= Stored items from a collection =
- - - - -

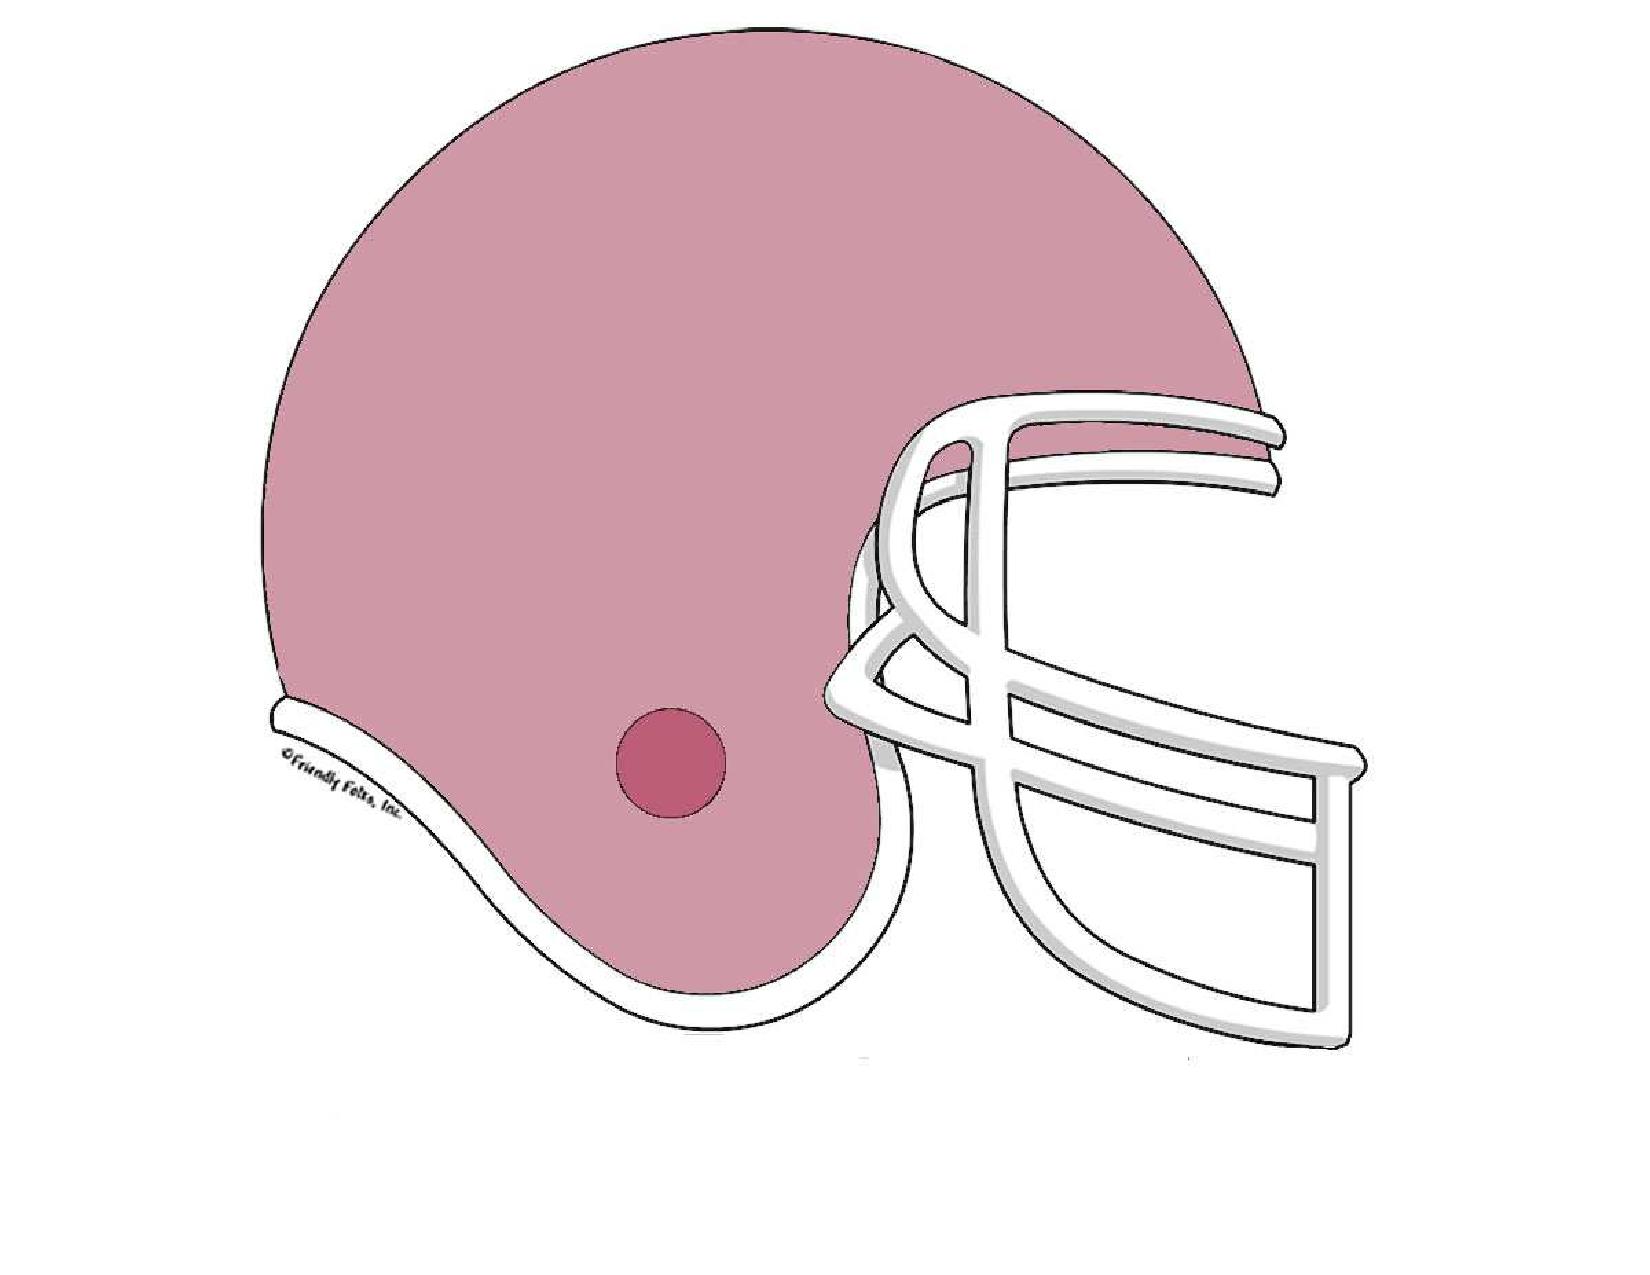 Clip Arts Related To : football helmet transparent. view all Cartoon Footba...
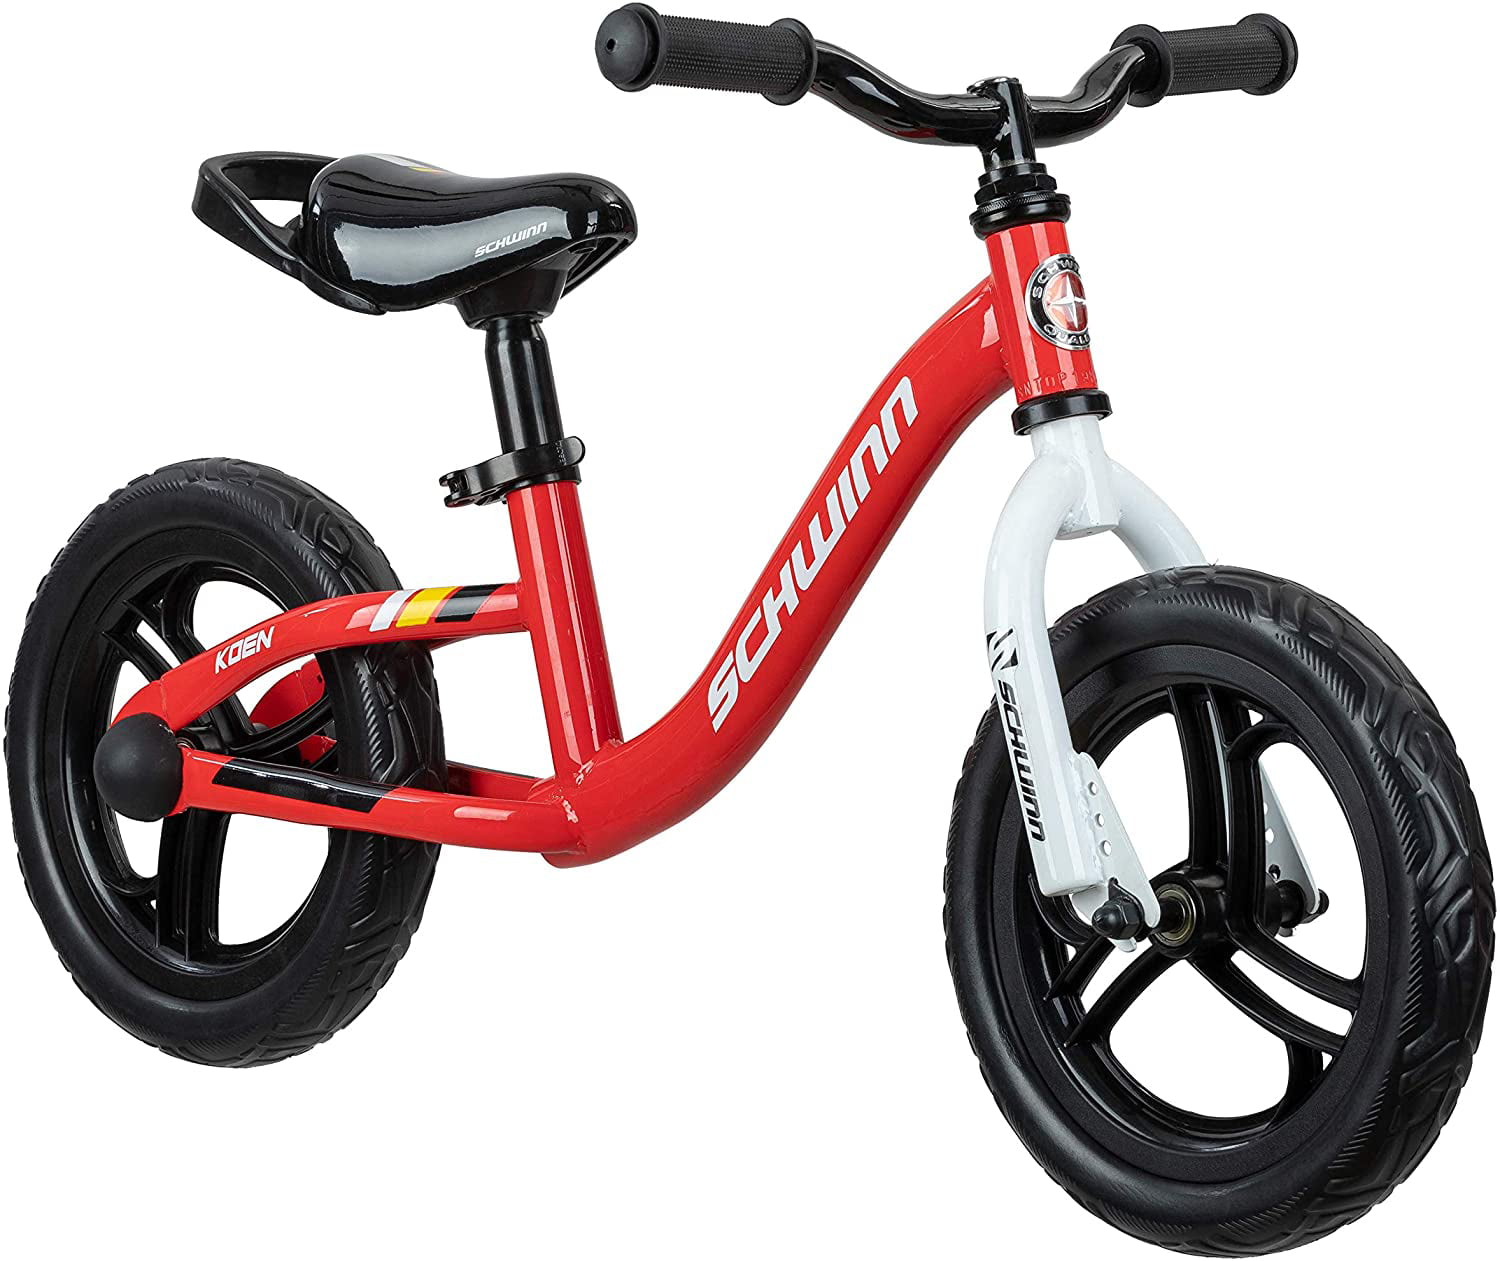 Schwinn Koen Boys Bike For Toddlers And Kids 12-inch Balance Bike 
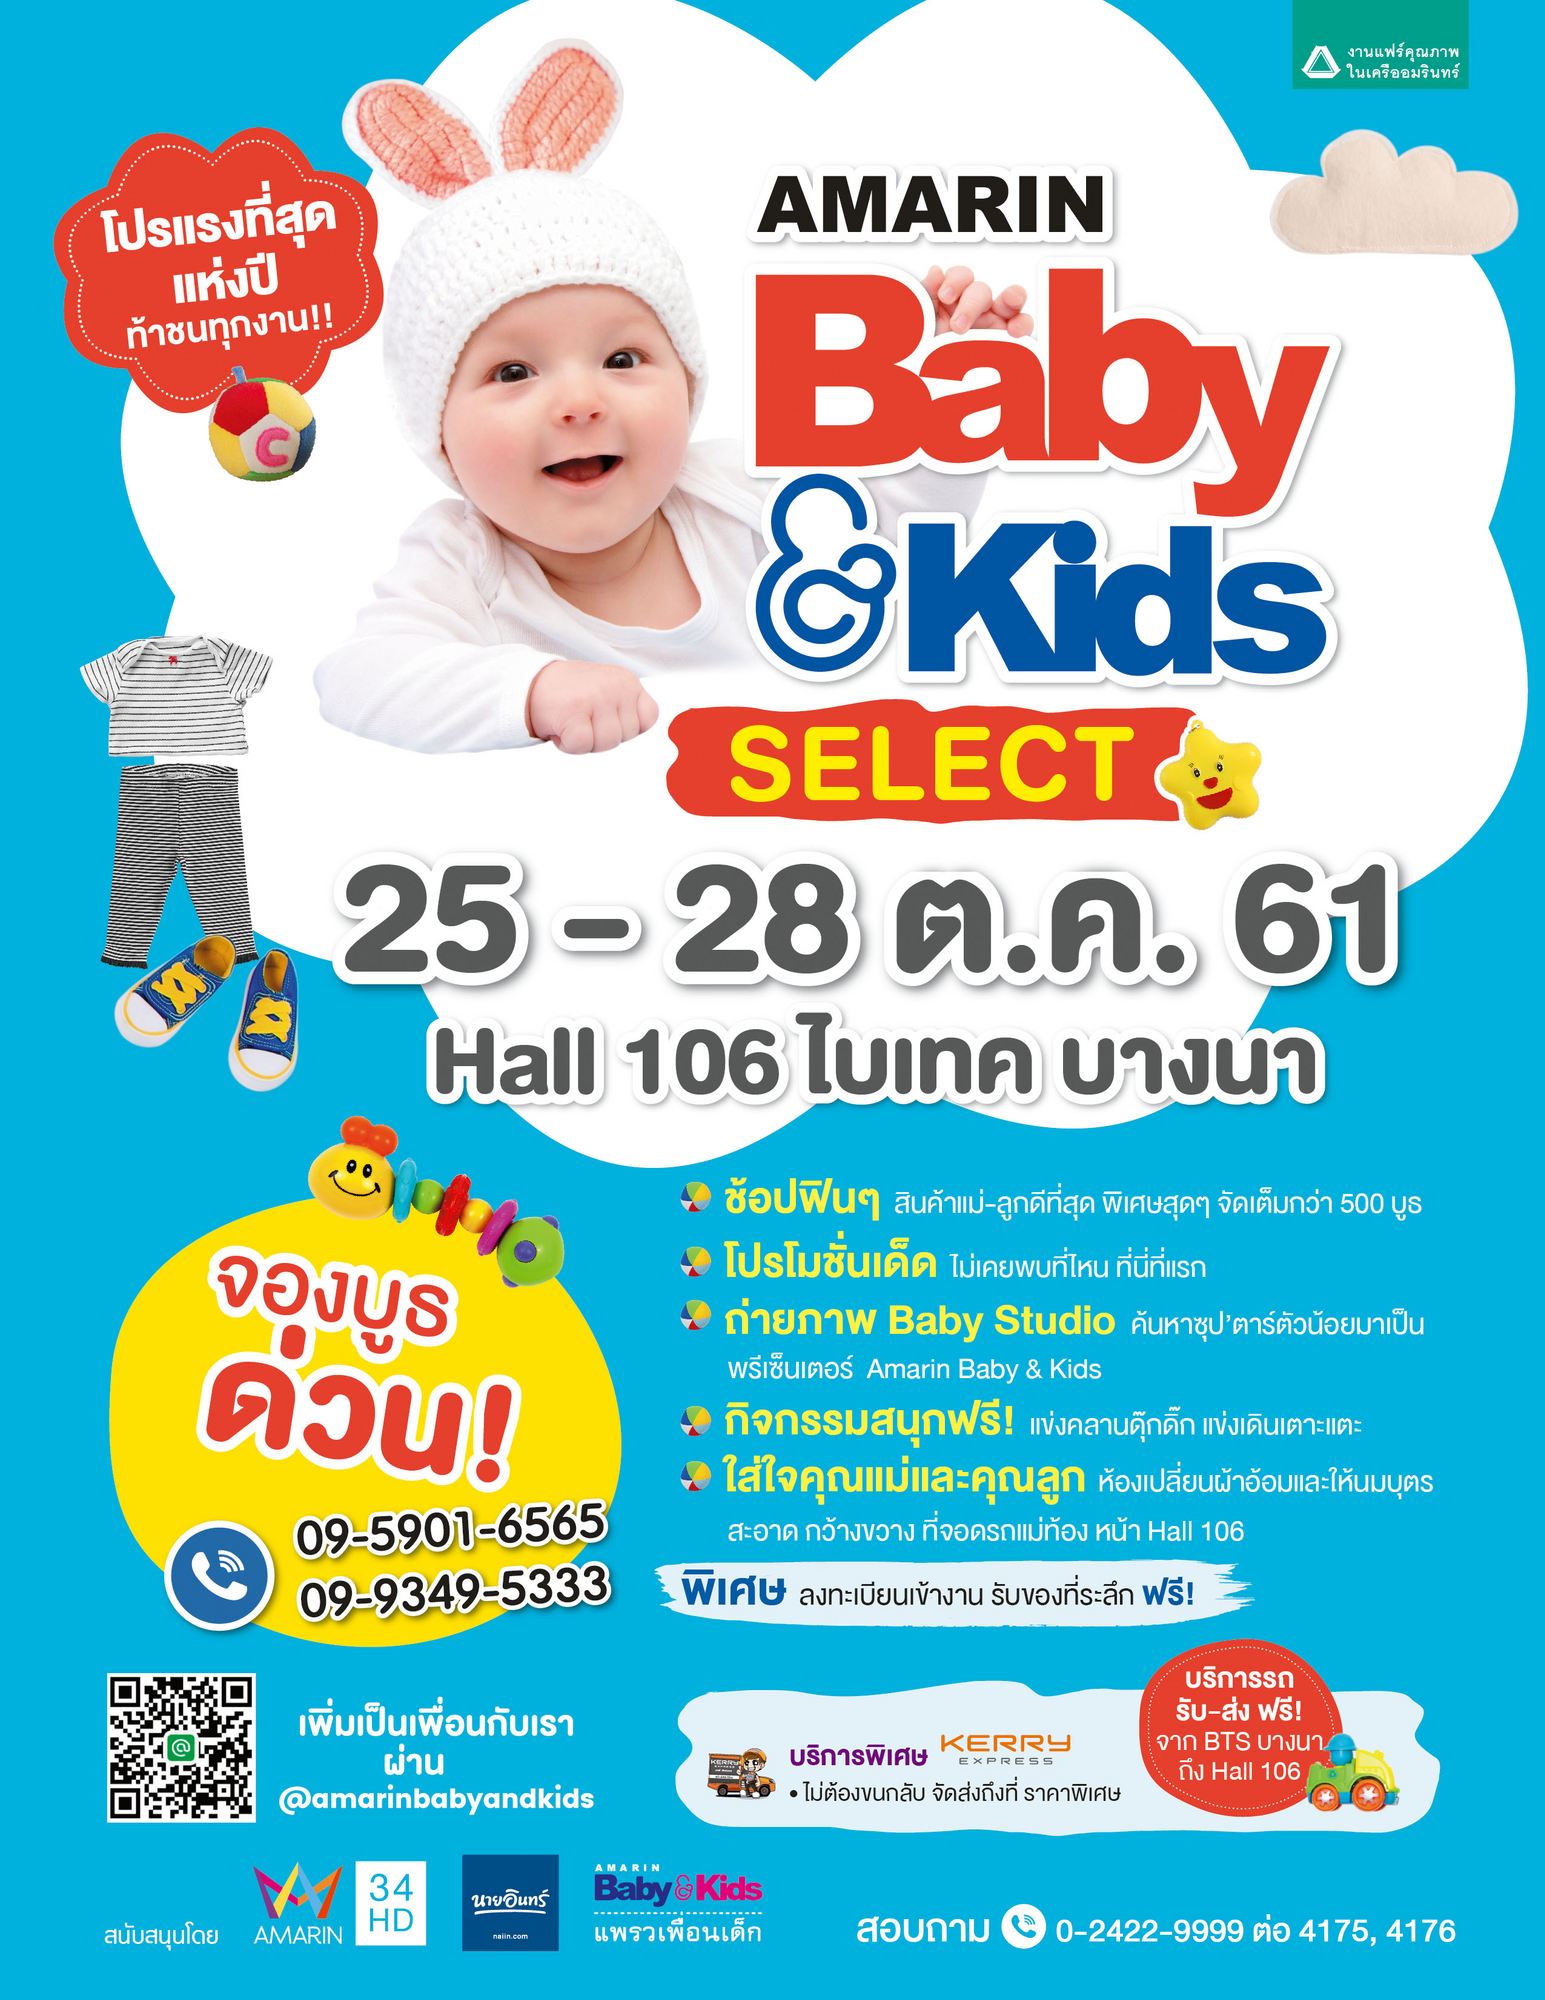 Amarin Baby & Kids Fair Select
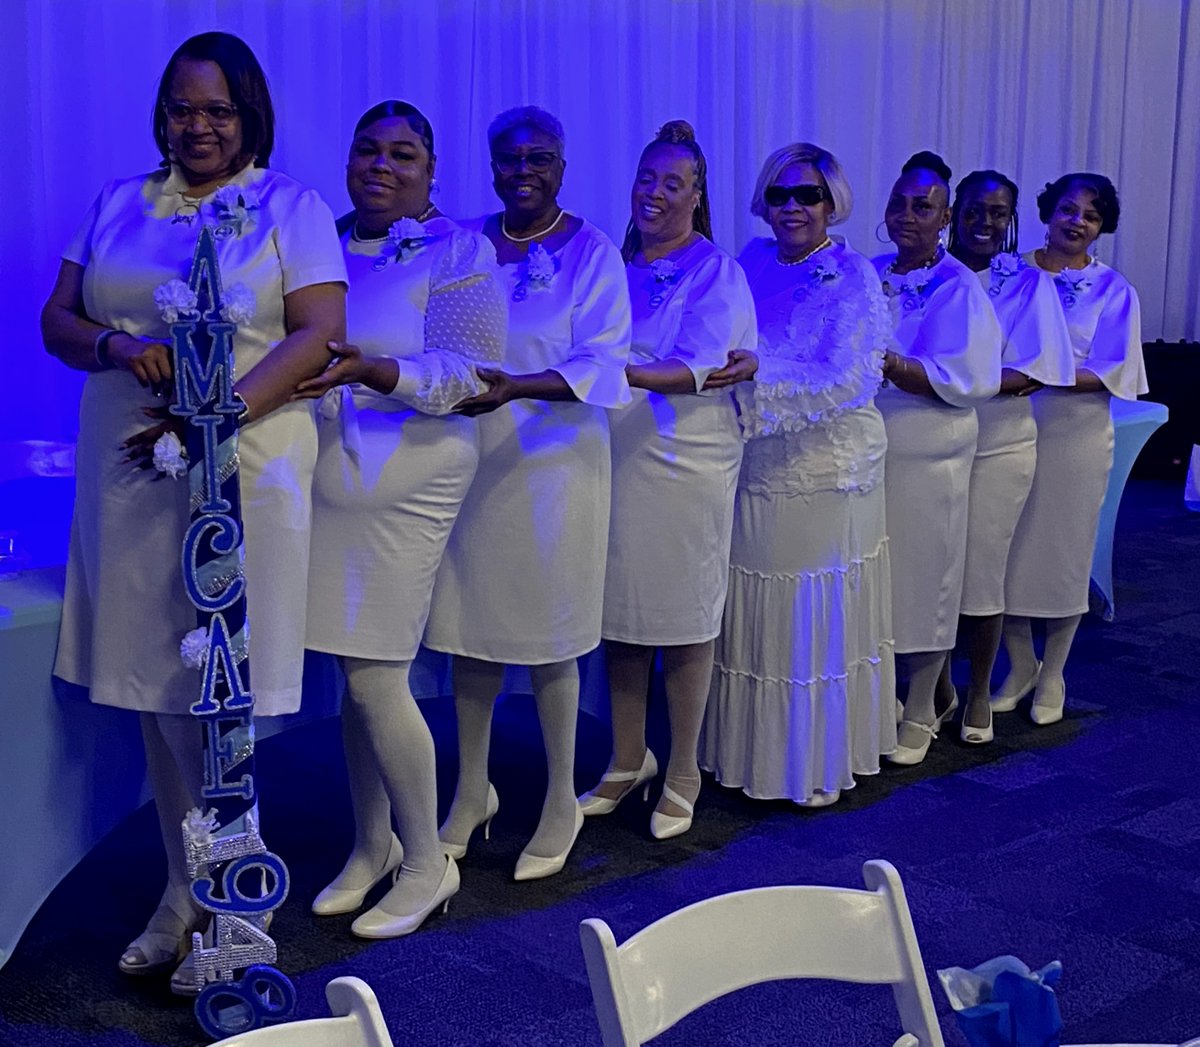 Congratulations to the newest members of the #DetroitZetaAmicae - welcome to the #BlueAndWhiteFamily

The #DetroitZetas celebrate our #FinerFriends 💙

#zetaamicae #ZetaPhiBeta #betaomicronzeta #embracetheswell

- - - - -

= WORK TASK =
Leave out the pictures and print every line of the data exactly.

= OUTPUT OF THE TASK =
 Clip Arts Related To : football helmet transparent. view all Cartoon Footba...
 Schwinn Koen Boys Bike For Toddlers And Kids 12-inch Balance Bike 
 Amarin Baby & Kids Fair Select
 Congratulations to the newest members of the #DetroitZetaAmicae - welcome to the #BlueAndWhiteFamily

The #DetroitZetas celebrate our #FinerFriends 💙

#zetaamicae #ZetaPhiBeta #betaomicronzeta #embracetheswell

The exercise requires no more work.